The EB yield of a Chlamydia-infected cell is highly dependent on the RB radius and the number of inclusions. In Figure 4a we present the EB yield versus the number of inclusions for average RB radii of 0.5 μ m (blue), 0.55 μ m (red), 0.6 μ m (yellow), and 0.65 μ m (green). For normal sized RBs (~0.5–0.6 μ m) there is an increase in the EB yield for an increase in inclusion numbers until some optimal level, after which point the EB yield decreases toward no EBs (that is, persistence). We note that for small RBs (0.5 μ m) the optimal number of inclusions is predicted to have not been reached after 20 inclusions; thus persistence is very unlikely to occur with the smaller RBs (Fig. 4a). A slightly larger RB (~0.55 μ m) will produce its greatest EB yield with ~9 inclusions and any more inclusions will decrease the yield towards a persistent mode of growth. The optimal number of inclusions for larger RBs will be reached with fewer inclusions. For a large RB (≥ ~0.65 μ m) the maximum EB yield occurs with one inclusion (Fig. 4a). If RBs have a radius of 0.65 μ m and there is one inclusion, normal development will ensue but if there are two inclusions, persistence will be the outcome. Therefore, to distinguish normal development from persistent growth we calculated, from our deterministic model, an analytical curve for the threshold between these cases. In Figure 4b we display this threshold curve. Persistence is more likely with greater RB radius and with more inclusions. The relationship we present in Figure 4b requires experimental validation. But it appears to be consistent with experimental observations and it is the quantitative logical conclusion of our T3S contact-dependent hypothesis for modulation of chlamydial development.

Figure 4
figure 4

(a) The effect of the number of inclusions on the EB yield; average RB radii of 0.5 μ m (blue), 0.55 μ m (red), 0.6 μ m (magenta), and 0.65 μ m (green). (b) Threshold curve distinguishing normal development or persistent mode of growth as predicted by the size of the RB radius and the number of inclusions. Parameter values used were: doubling time td = 1.8 hrs, rate of RB detachment k = 1.3 hrs-1, EB radius re = 0.1 μ m, rate of RB-to-EB differentiation μ = 0.25 hrs-1, average spacing between T3S needles on the RB surface L = 0.04 μ m, length of T3S needles l p = 0.0078 μ m, volume of host cell CellVol = 2400 μ m3, proportion of cell not available for inclusion growth ε = 0.3, and threshold number of T3S needles per RB Plim = 23.
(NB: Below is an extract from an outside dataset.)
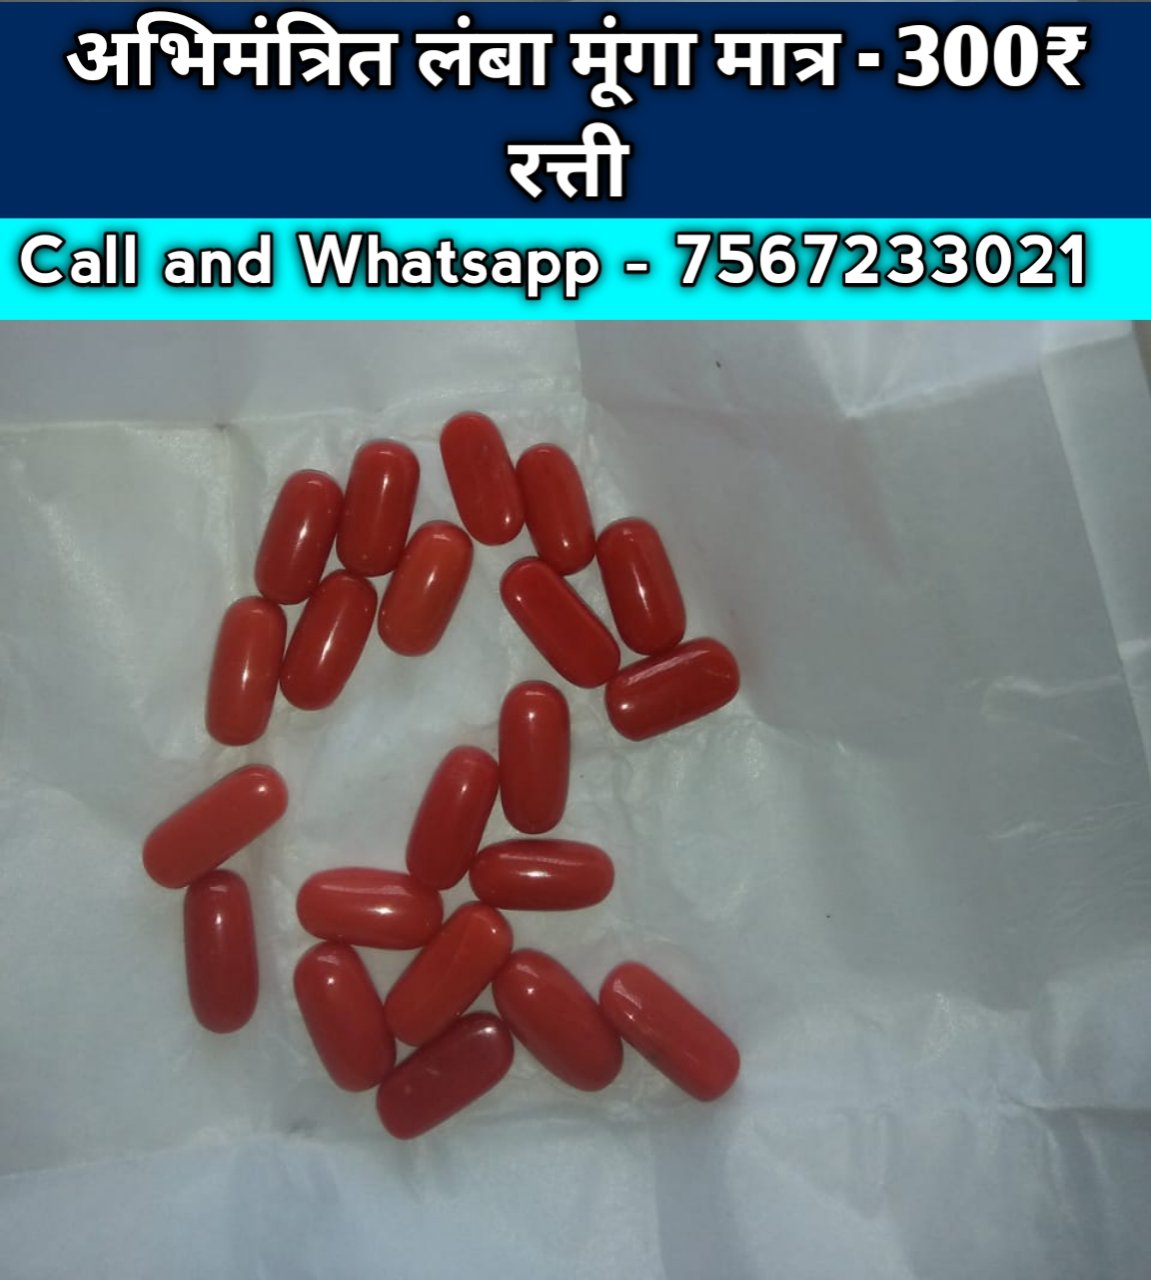 coral benefits in hindi, coral stone benefits in hindi, moonga ratan ke fayde, moonga ratna ke fayde, moonga ratna pehnne ke fayde, moonga stone ke fayde, munga ratna benefits in hindi, munga ratna kise pahnna chahiye, munga ratna pehne ke fayde, munga stone ke fayde, तिकोना मूंगा के फायदे, मूंगा रत्न के फायदे, मूंगा रत्न के फायदे इन हिंदी, मूंगा रत्न धारण करने के फायदे, मूंगा रत्न पहनने के फायदे, मूंगा रत्न पहने के फायदे, लाल मूंगा पहनने के फायदे, सफेद मूंगा के फायदे

Implications of the hypothesis

It is hypothesized that chlamydial particles have T3S injectisomes and that the Chlamydia T3S system functions as a molecular nanosyringe involved in injecting effector proteins from the intracellular inclusion into the host cell cytosol which, in turn, subvert various host cell pathways [1215]. RBs are observed to replicate in close proximity to the surface of the host inclusion membrane [16, 17] and as an inclusion expands (to accommodate the growth in the number of chlamydiae), the surface area of contact between the inclusion membrane and RBs on the inclusion membrane surface decreases. Consequently, the number of injectisomes per RB in contact with the inclusion membrane decreases. We have hypothesized that when the decreasing number of injectisomes on the RB surface that are in contact with the inclusion membrane falls below a threshold number, detachment of the RB from the surface occurs, providing a signal for differentiation of RB into EB.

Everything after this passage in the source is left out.